The Garbage Patch is one of our planet’s most serious – and most overlooked – environmental problems, caused by plastic waste being abandoned by humans and ending up in the ocean.

Why is this phenomenon less known than it should be?

The reason why this huge environmental problem is so often neglected is that its visible part is far smaller than its invisible one.

Why can it not be seen?

As an effect of photodegradation caused by sunlight, plastic debris are broken down into smaller and smaller fragments which, however present, are hard to detect.

What are the damages to the ecosystem?

Sea creatures may die by ingesting the plastic or by getting trapped among the debris. The Garbage Patch contains plastic fragments of all sizes, even microscopic ones.

Can it be removed?

There currently is no solution to this environmental disaster, as it would be impossible to remove the plastic without also removing the sea organisms, causing even greater damage to the ecosystem.

Who is to blame?

Behind every single fragment composing the Garbage Patch, there is a person who abandoned it in the environment.

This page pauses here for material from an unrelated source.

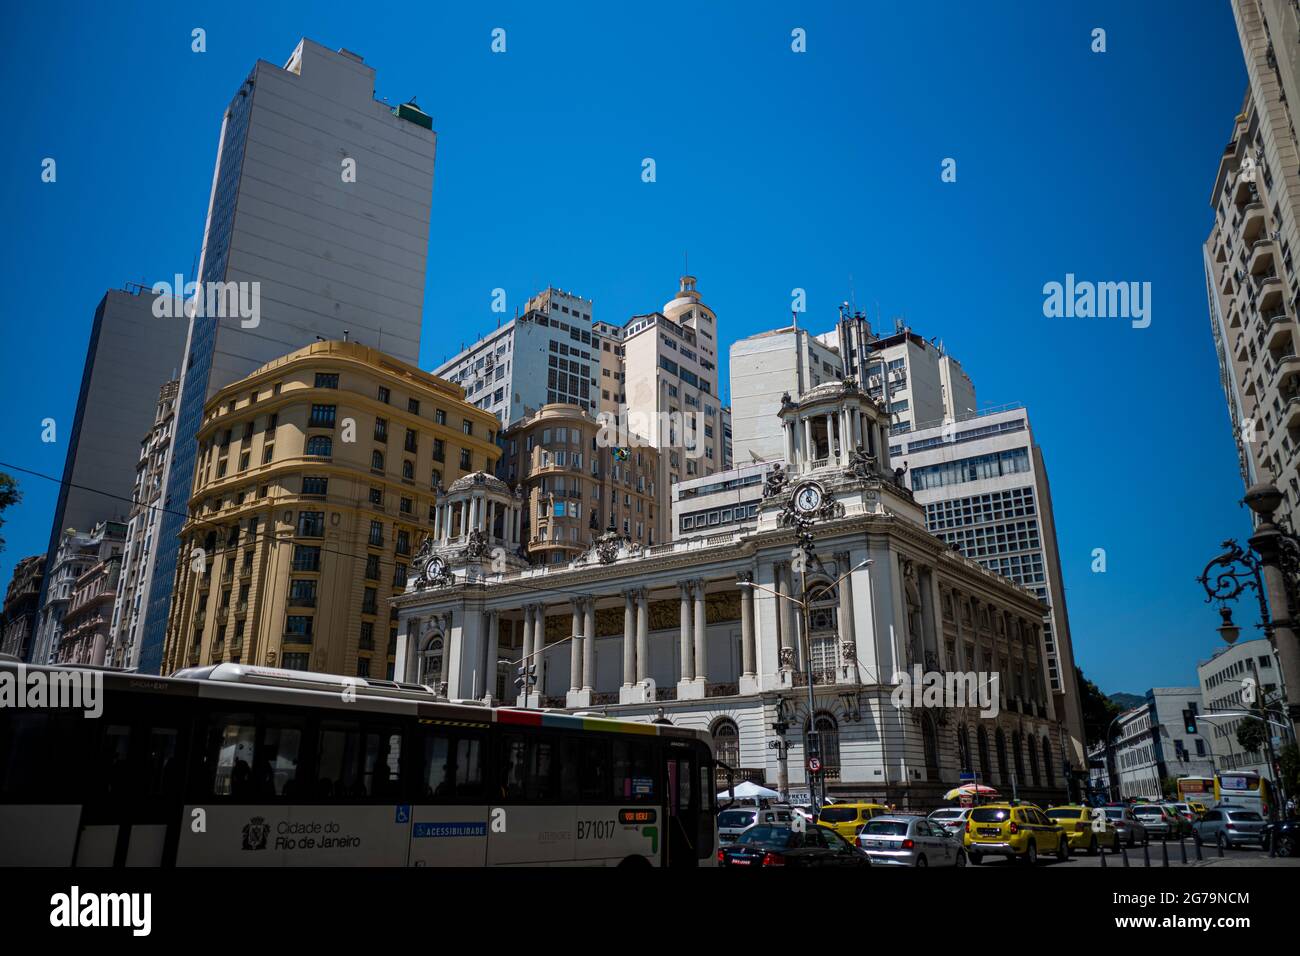 Municipio di Rio de Janeiro - Cinêlandia (Praça da Cinelandia). Situato nel centro della città, è uno degli edifici più fotografati di Rio de Janeiro, Brasile. Costruito all'inizio del XX secolo, considerato uno dei teatri più belli e importanti del paese. Foto Stock

Most of the debris dispersed in the sea come from disposable objects that were used once, then abandoned. We throw them away, but where is away? That’s where the Garbage Patch is – “the away state”.

What can we do about it?

States can do much in terms of legislation but also of action, as can be seen from those coastal areas that have been the object of expensive clean-up operations.

My intention is not to demonise plastic, as the idea of doing without it would be utopian. However, we must all act responsibly and change our habits.

Why an embassy?

The embassy was set up to deal with the thousands of applications for citizenship received from all over the world.

However, the Garbage Patch State is not inhabited by humans, but by around 3 million tons of plastic objects that were used, thrown away, then transfigured beyond recognition by sunlight. The Garbage Patch State and its citizens, disfigured and deprived of their dignity, could be compared to a leper colony, a place for relegating the outcasts that no one wants to see.

How does an object feel when it is destroyed?

The objects that inhabit the Garbage Patch State feel they are an unwitting tool of extermination of sea animals and the ecosystem. They hope that their brothers that are still on dry land will not end up like them, but that they will be re-used, recycled, and ultimately produce new energy – without ever being thrown into the environment.

This is why the inhabitants of the Garbage Patch State suggest that future citizens virtually adopt one of their brothers to save it from ending up in the Garbage Patch State.